CAM Colloquium: Johan Ugander (Stanford University) - Discrete choice with irrelevant alternatives: models and lower bounds on testing
Frank H. T. Rhodes Hall 655
Many applications in preference learning assume that decisions come from the maximization of a stable utility function. Yet a large experimental literature shows that individual choices and judgements can be affected by "irrelevant" aspects of the context in which they are made. An important class of such contexts is the composition of the choice set. In this talk, I will introduce an extension of the Multinomial Logit (MNL) model, called the context dependent random utility model (CDM), which allows for a particular class of choice set effects based in pairwise interactions between alternatives. We show that the CDM can be thought of as a second-order approximation to a general choice system, can be inferred optimally using maximum likelihood and, importantly, is readily interpretable.

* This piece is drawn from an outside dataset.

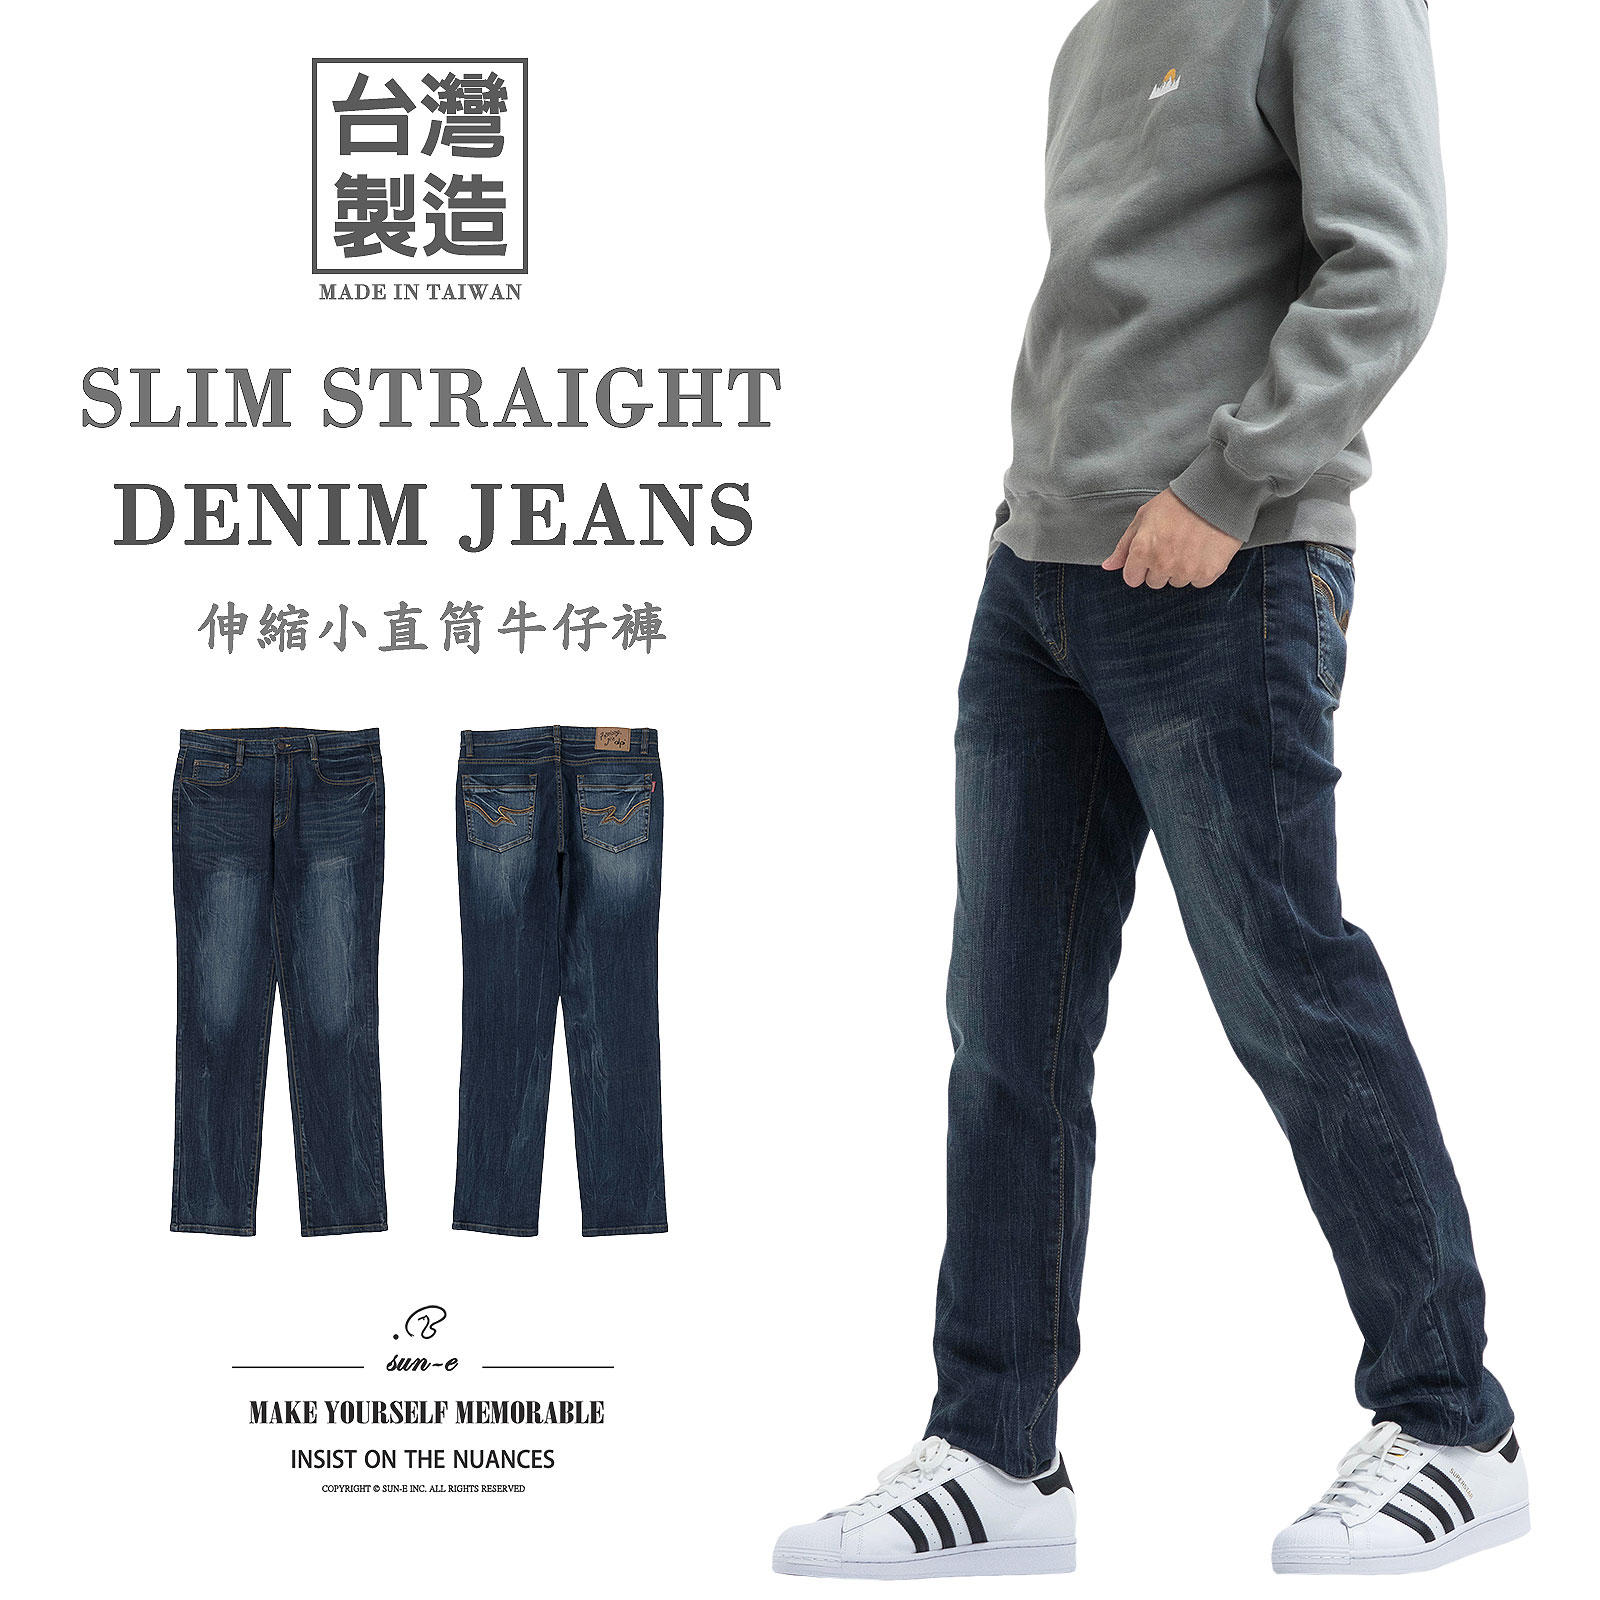 ［零碼促銷］sun-e顯瘦小直筒牛仔褲 台灣製牛仔褲 修身牛仔長褲 刷紋褲管彈性丹寧 刷白牛仔褲 百貨公司等級 直筒褲 YKK拉鍊 車繡後口袋 Made In Taiwan Jeans Slim Straight Jeans Denim Pants Stretch Jeans Embroidered Pockets (345-3245-08)深牛仔 M L XL 2L 3L 4L 腰圍:28~39英吋 (71~99公分) 男 [實體店面保障]

Beyond the presentation of the CDM model of and its properties, I will also discuss separate work on the general problem of determining whether or not an agent's behavior satisfies the so-called Independence of Irrelevant Alternatives (IIA) that characterizes the MNL model. While IIA is widely assumed as a modeling assumption, the formal size properties of hypothesis testing IIA are not well understood. We will replace some of the ambiguity in this literature with rigorous pessimism, demonstrating that any general test for IIA with low worst-case error would require a number of samples exponential in the number of alternatives of the choice problem. Our finite-sample and structure-dependent analysis is unorthodox in being highly combinatorial, constructing a lower bound by counting Eulerian orientations of cycle decompositions of a particular bipartite graph constructed from a data set of choices.
This talk is based on joint work with Alex Peysakhovich, Stephen Ragain, and Arjun Seshadri.
Johan Ugander is an Assistant Professor at Stanford University in the Department of Management Science & Engineering, within the School of Engineering. His research develops algorithmic and statistical frameworks for analyzing social networks, social systems, and other large-scale social data. Prior to joining the Stanford faculty he was a post-doctoral researcher at Microsoft Research Redmond 2014-2015 and held an affiliation with the Facebook Data Science team 2010-2014. He obtained his Ph.D. in Applied Mathematics from Cornell University in 2014. His awards include a Young Investigator Award from the Army Research Office (ARO), two Best Paper Awards (2012 ACM WebSci Best Paper, 2013 ACM WSDM Best Student Paper), and the 2016 Eugene L. Grant Undergraduate Teaching Award from the Department of Management Science & Engineering.